For many years, the foundations of cancer treatments have been firmly set in surgery, chemotherapy, and radiotherapy. While these methods continue to be crucial pillars of treatment, new research has begun to transform the treatment landscape for people living with cancer. Over the past decade, scientists have shifted their focus inward, turning toward the patient’s own immune system as a treatment alternative.
Immunotherapies: Breaking Down the Door to Better Cancer Treatments
Immunotherapies strengthen the power of a patient’s own immune system to attack tumors. These treatments have shown the ability to shrink, and even eradicate, tumors. One particular form of immunotherapy, CAR T-cell therapy, has sparked significant excitement among researchers by showcasing its ability to eradicate advanced leukemia and lymphoma types, in some cases keeping the cancer at bay for many years.
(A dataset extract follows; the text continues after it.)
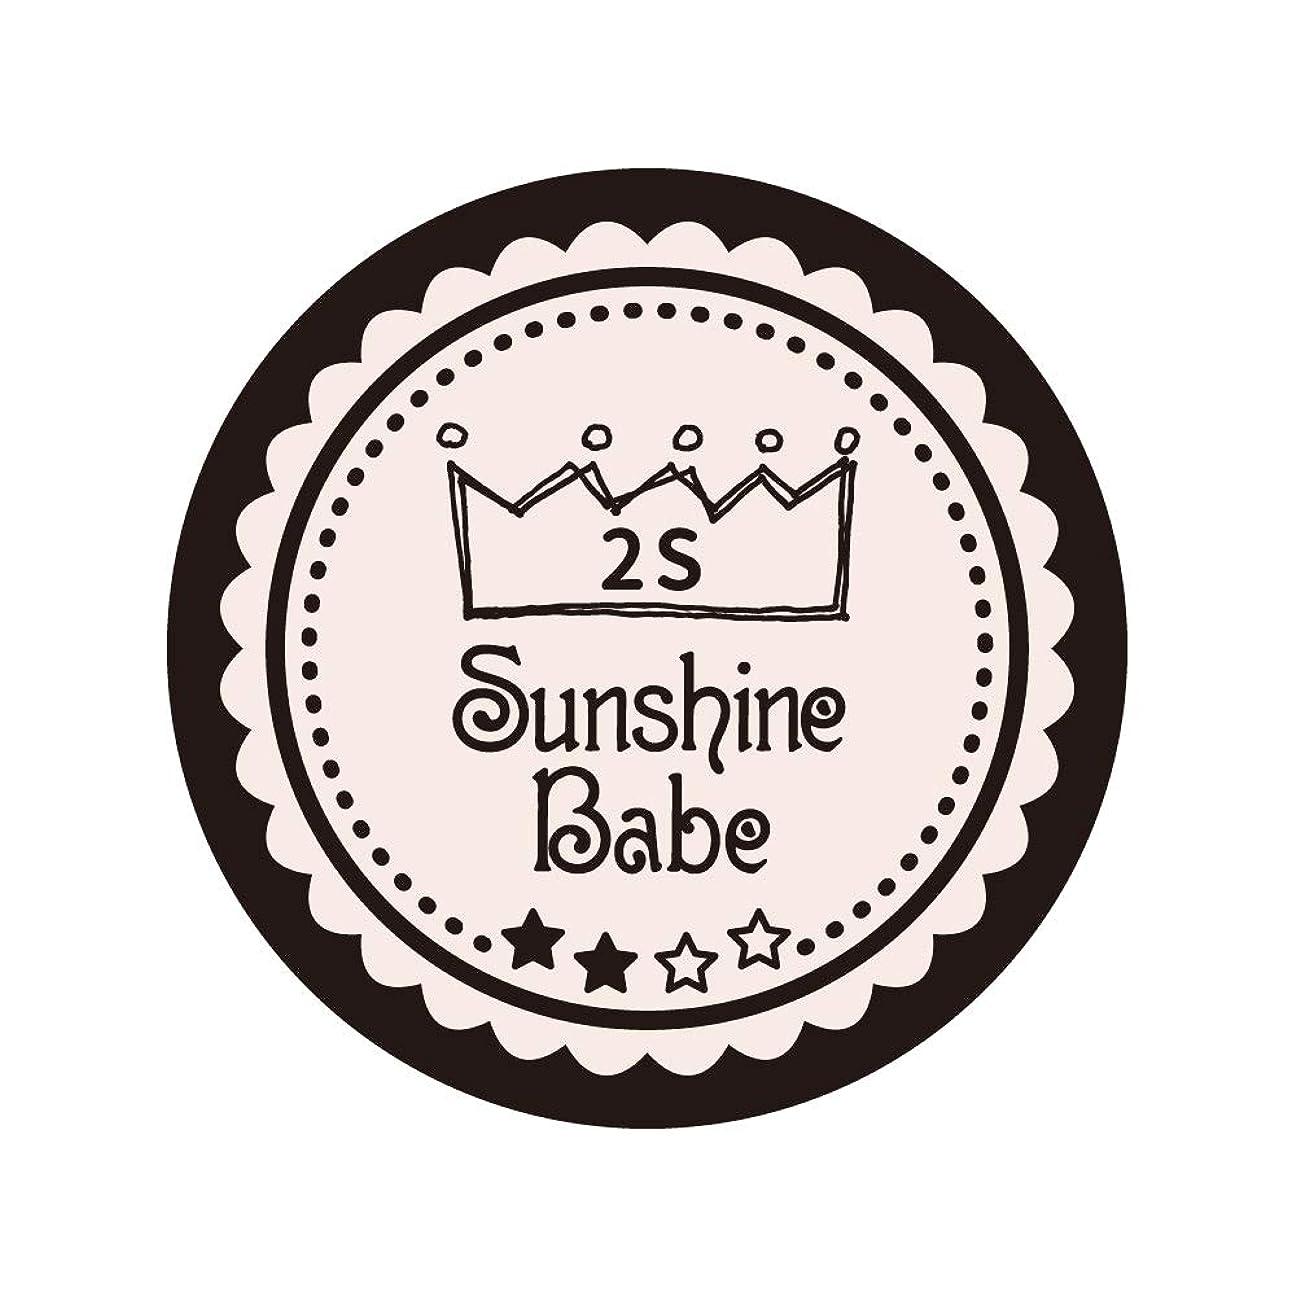 テクトニック遺伝的台風Sunshine Babe カラージェル 2S オールモーストモーブ 2.7g UV/LED対応

Autologous CAR T-cell therapy, a subset of immunotherapy, works by collecting, genetically modifying, and reintroducing T-cells back into the bloodstream. As their name implies, T cells – which help orchestrate the immune response – are the backbone of CAR T-cell therapy. Currently, available CAR T-cell therapies are customizable for each individual patient, using their own T-cells and modifying them to produce proteins on their surface called chimeric antigen receptors, or CARs. The CARs recognize and bind to specific proteins, or antigens, on the surface of cancer cells.
After multiplying the modified T-cells in the laboratory, they are then infused back into the patient. The CAR T-cells will then continue to proliferate in the patient’s body, recognizing and killing cancer cells that harbor the target antigen on their surfaces.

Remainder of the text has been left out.